Oxygen consumption and ammonia accumulation in the hypolimnion of Walker Lake, Nevada

Abstract

Walker Lake (area = 140 km2, Zmean = 19.3 m) is a large, terminal lake in western Nevada. As a result of anthropogenic desiccation, the lake has decreased in volume by 75% since the 1880s. The hypolimnion of the lake, now too small to meet the oxygen demand exerted by decaying matter, rapidly goes anoxic after thermal stratification. Field and laboratory studies were conducted to examine the feasibility of using oxygenation to avoid hypolimnetic anoxia and subsequent accumulation of ammonia in the hypolimnion, and to estimate the required DO capacity of an oxygenation system for the lake. The accumulation of inorganic nitrogen in water overlaying sediment was measured in laboratory chambers under various DO levels. Rates of ammonia accumulation ranged from 16.8 to 23.5 mg-N m−2 d−1 in chambers with 0, 2.5 and 4.8 mg L−1 DO, and ammonia release was not significantly different between treatments. Beggiatoa sp. on the sediment surface of the moderately aerated chambers (2.5 and 4.8 mg L−1 DO) indicated that oxygen penetration into sediment was minimal. In contrast, ammonia accumulation was reversed in chambers with 10 mg L−1 DO, where oxygen penetration into sediment stimulated nitrification and denitrification. Ammonia accumulation in anoxic chambers (18.1 and 20.6 mg-N m−2 d−1) was similar to ammonia accumulation in the hypolimnion from July through September of 1998 (16.5 mg-N m−2 d−1). Areal hypolimnetic oxygen demand averaged 1.2 g O2 m−2 d−1 for 1994–1996 and 1998. Sediment oxygen demand (SOD) determined in experimental chambers averaged approximately 0.14 g O2 m−2 d−1. Continuous water currents at the sediment-water interface of 5–6 cm s−1 resulted in a substantial increase in SOD (0.38 g O2 m−2 d−1).
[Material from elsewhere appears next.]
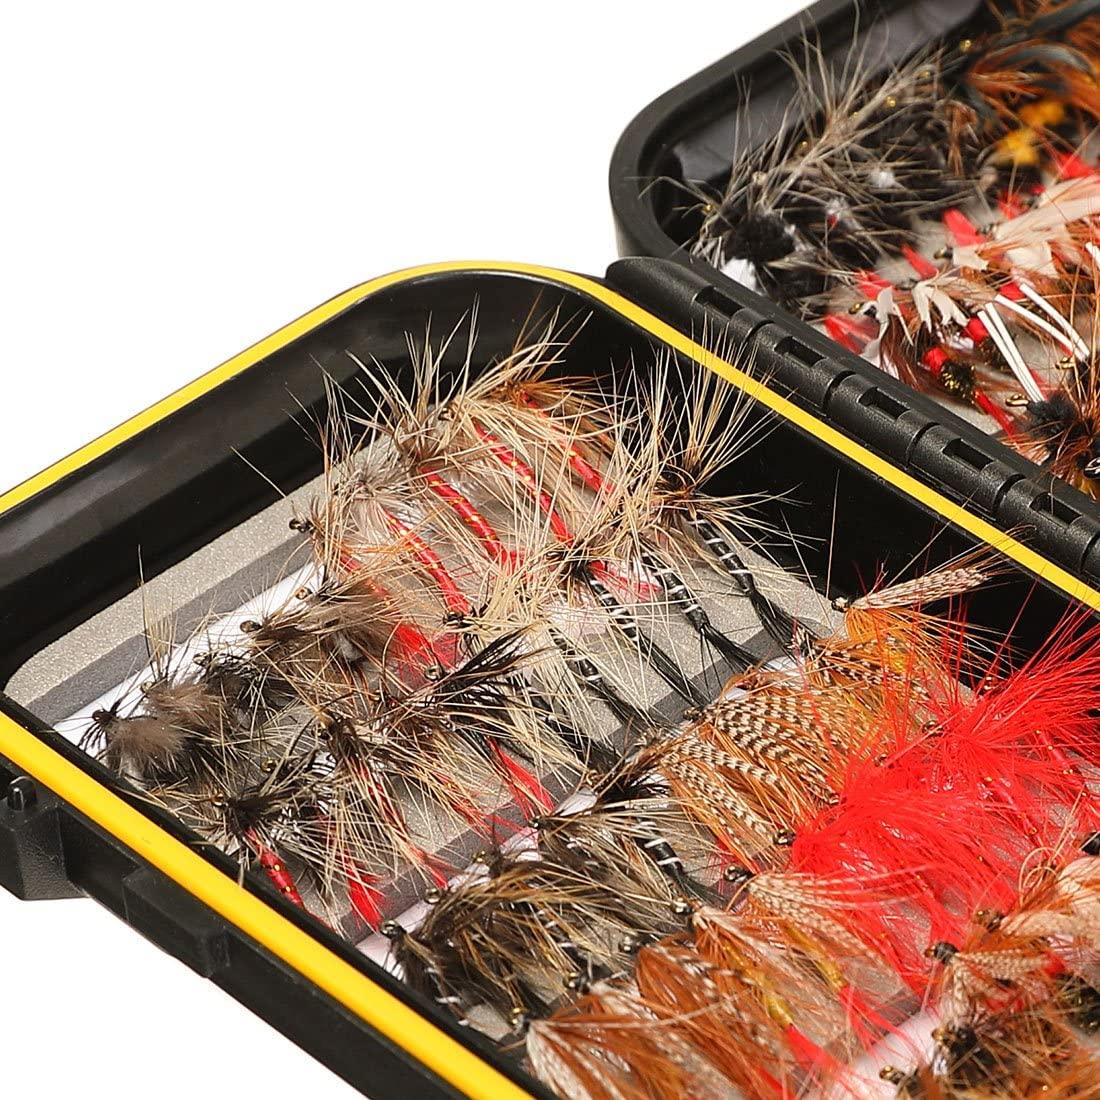 FISHINGSIR Fly Fishing Flies Kit - 64/100/110/120pcs Handmade Fly Fishing  Lures - Dry/Wet Flies,Streamer, Nymph, Emerger with Waterproof Fly Box  MUST-HAVE SERIES - 120PCS Flies Kit + Fly Box

The recommended oxygen delivery capacity of an oxygenation system, taking into account increased SOD due to mixing in the hypolimnion after system start-up, is 215 Mg d−1. Experimental results suggest that the system should maintain high levels of DO at the sediment-water interface (∼10 mg L−1) to insure adequate oxygen penetration into the sediments, and a subsequent inhibition of ammonia accumulation in the hypolimnion of the lake.